* **Prompt**
The reply is a verbatim copy of the listing below with its images dropped.

___ Collected data

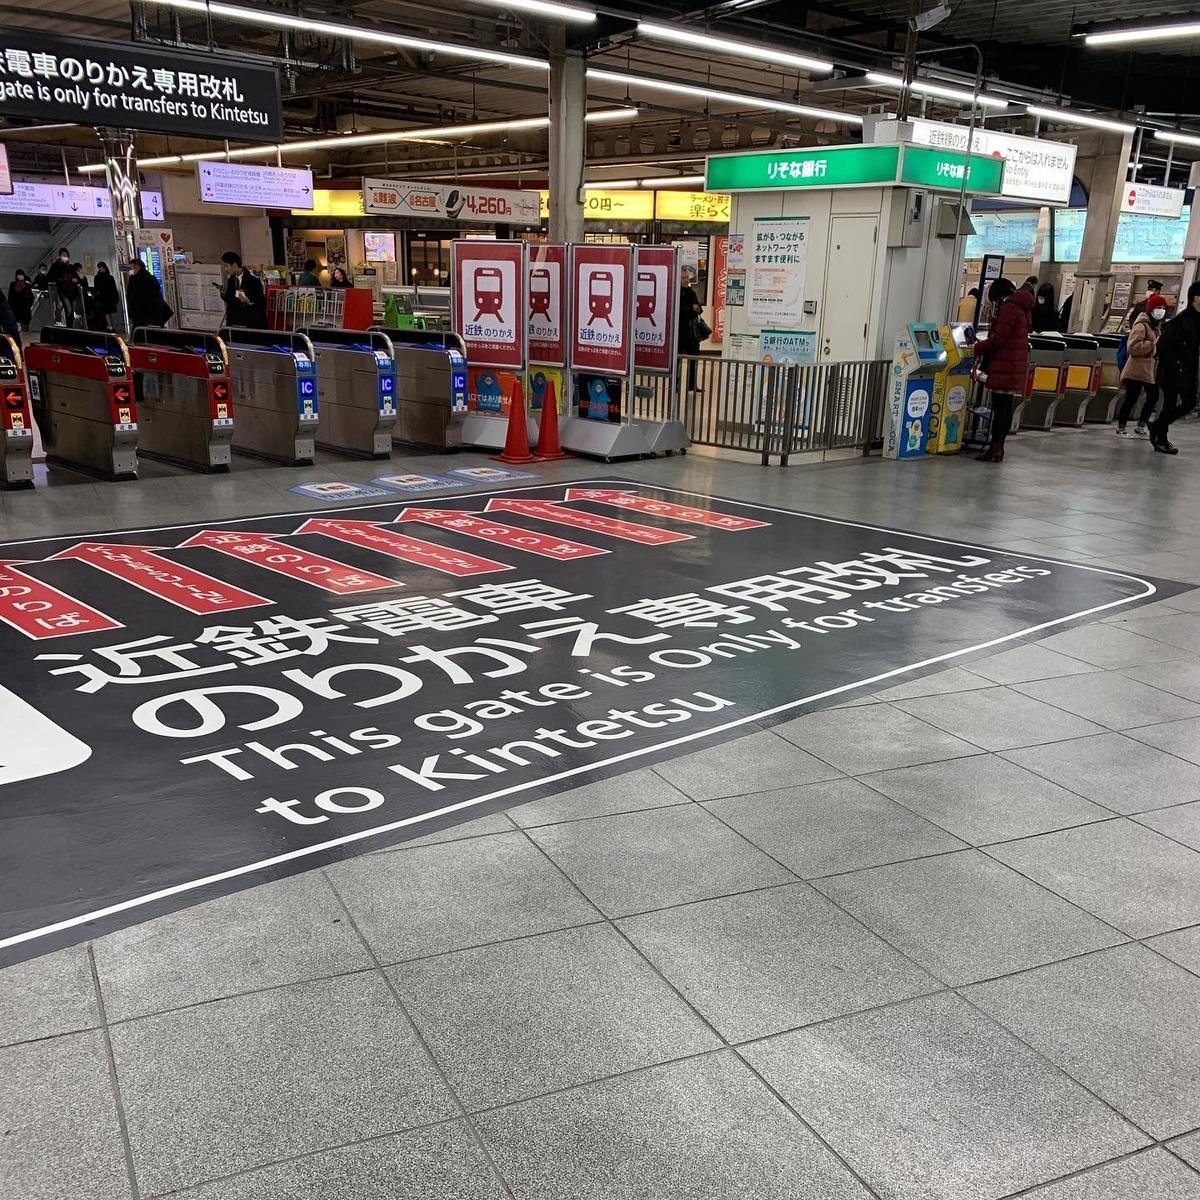 鶴橋駅の乗り換え専用改札口
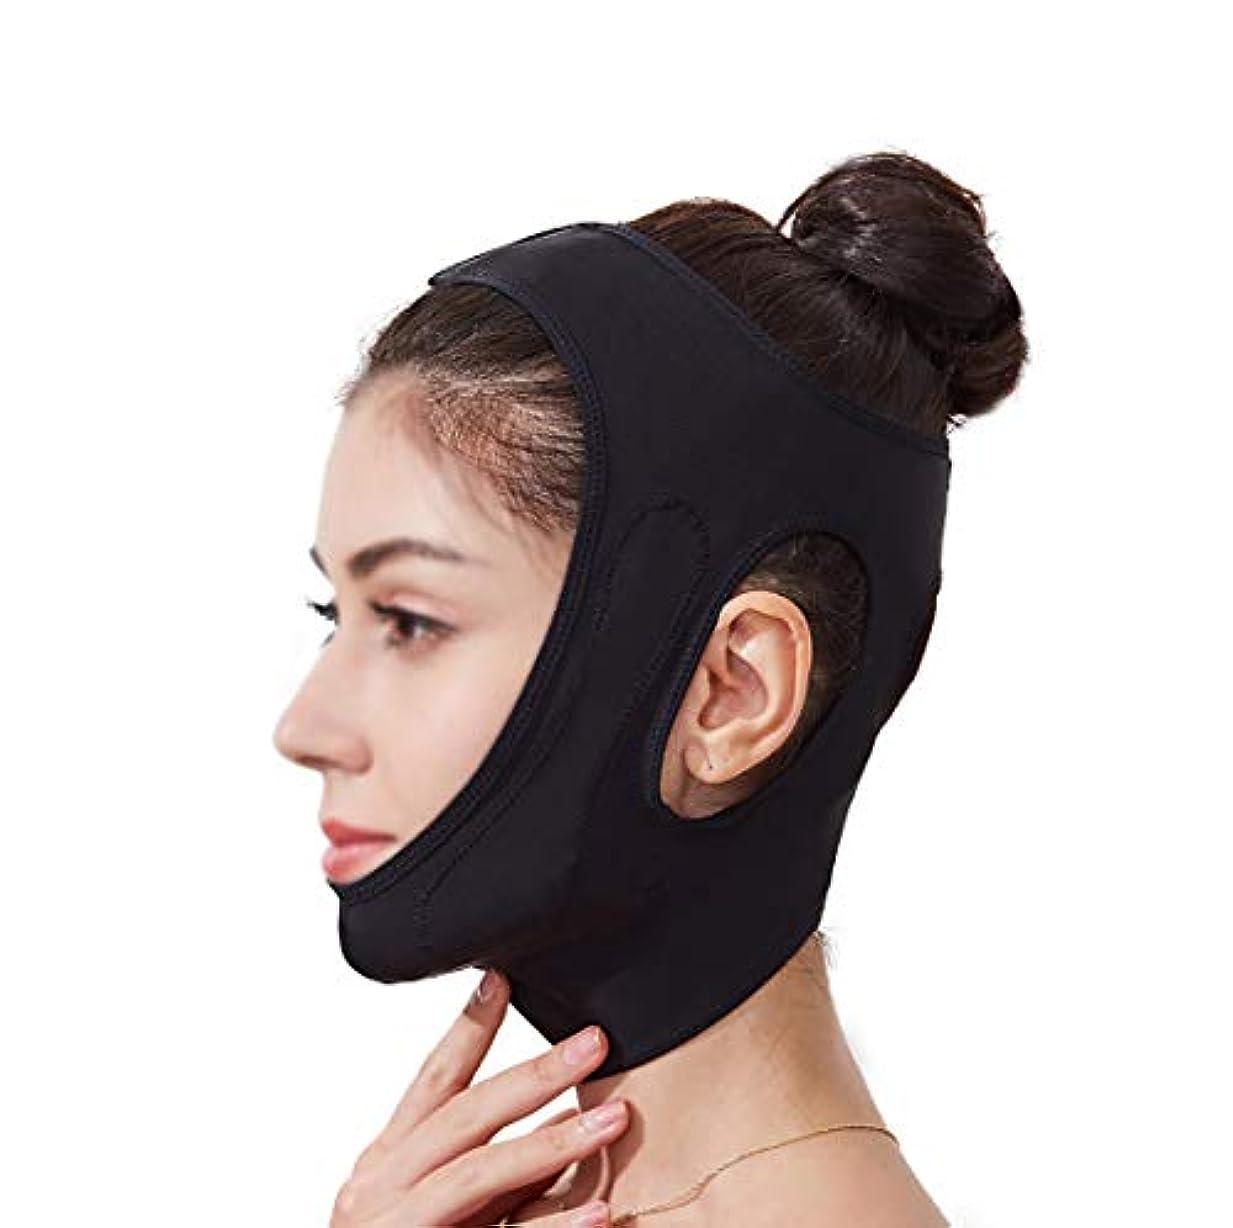 懇願するペットあいまいフェイスリフティング包帯vフェイスマスクフェイスリフティングあご快適な顔引き締めフェイシャルマッサージワンサイズ (Color : Black)
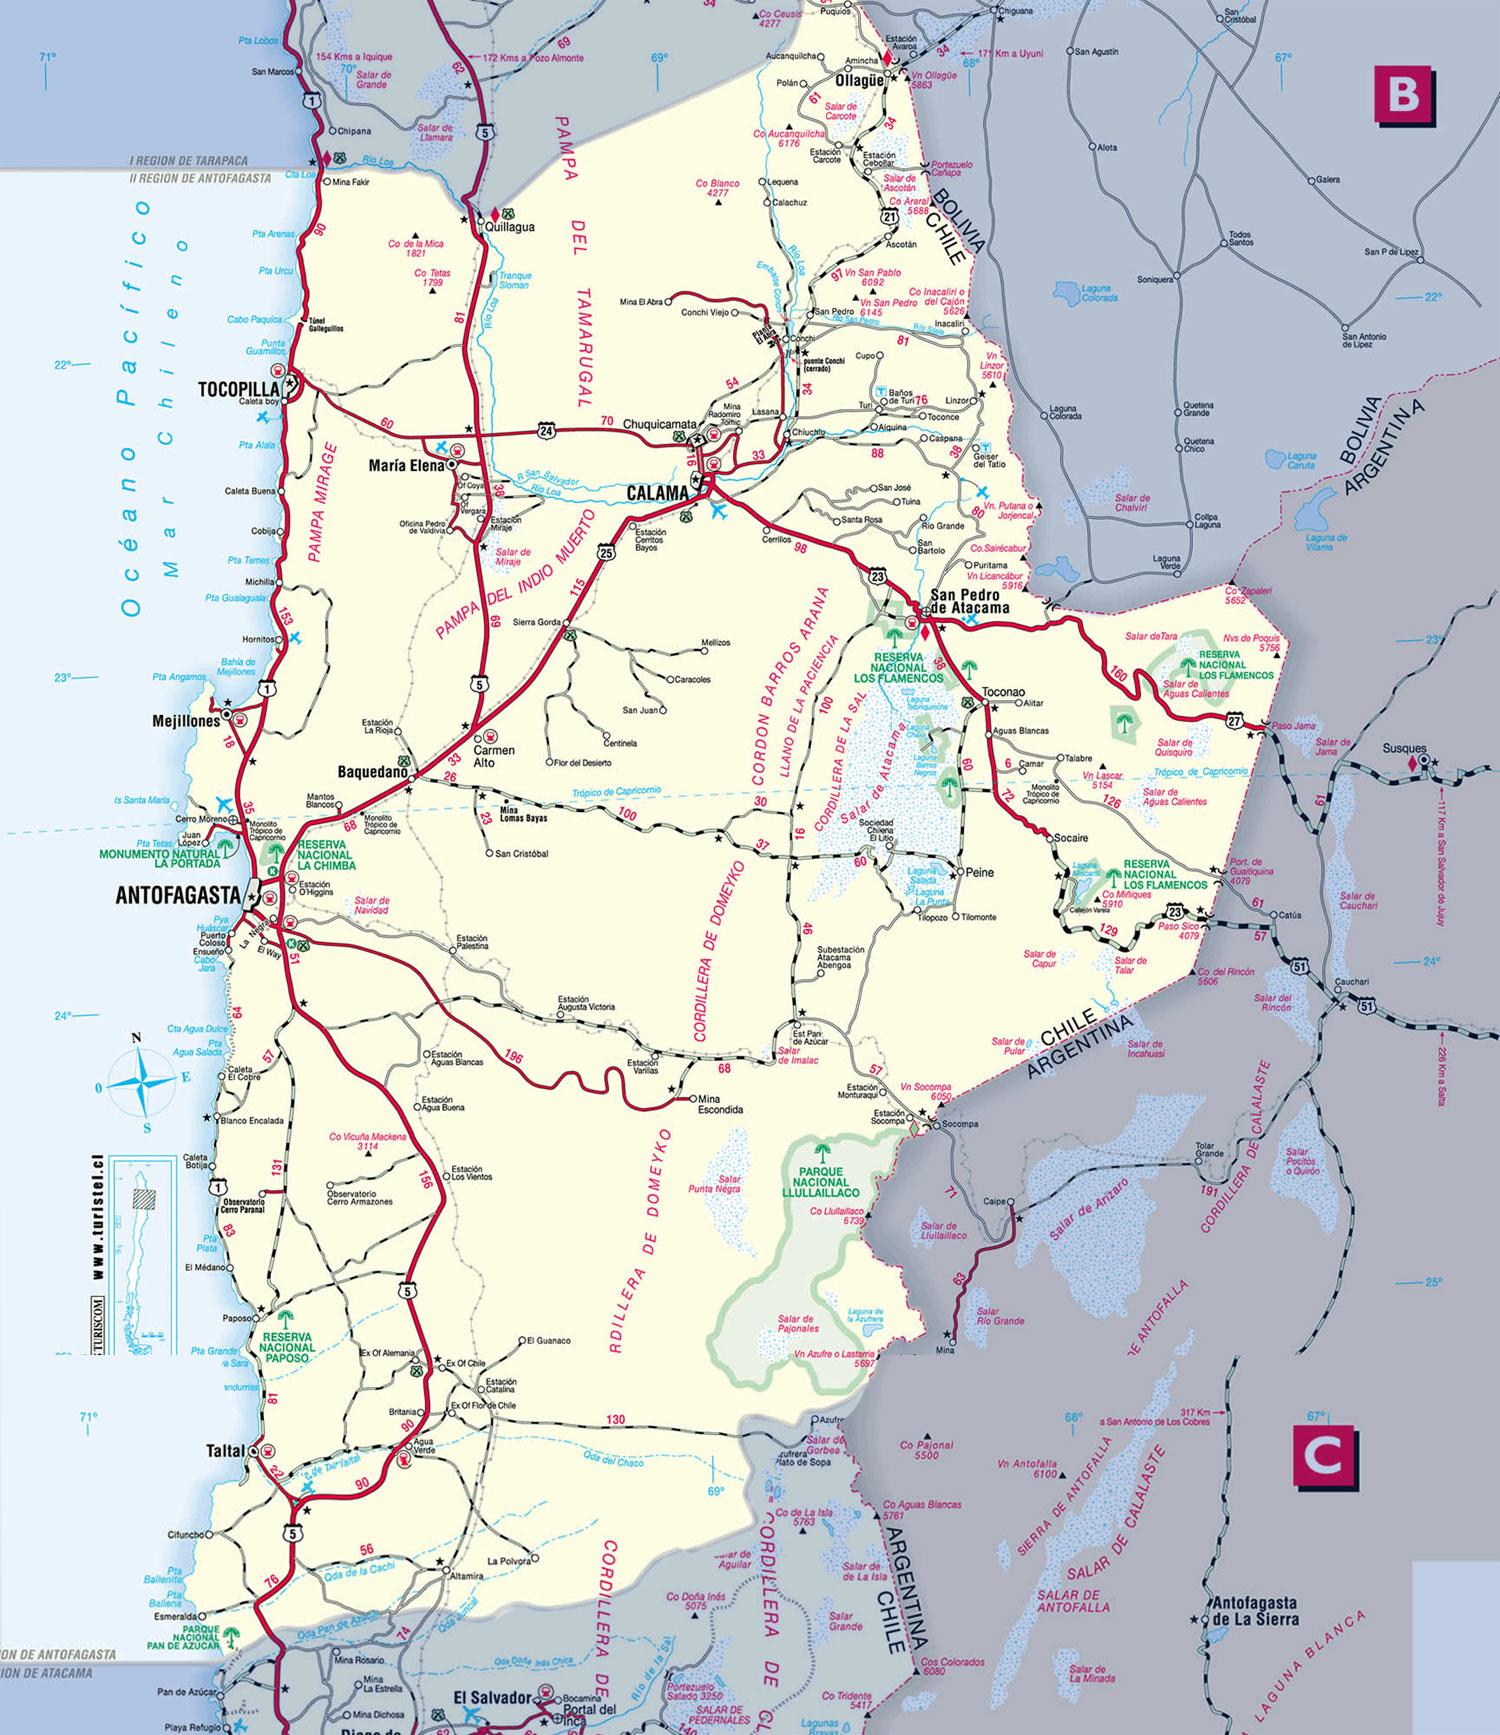 II region- Antofagasta-San Pedro

______

* **Response below**
 鶴橋駅の乗り換え専用改札口
 懇願するペットあいまいフェイスリフティング包帯vフェイスマスクフェイスリフティングあご快適な顔引き締めフェイシャルマッサージワンサイズ (Color : Black)
 II region- Antofagasta-San Pedro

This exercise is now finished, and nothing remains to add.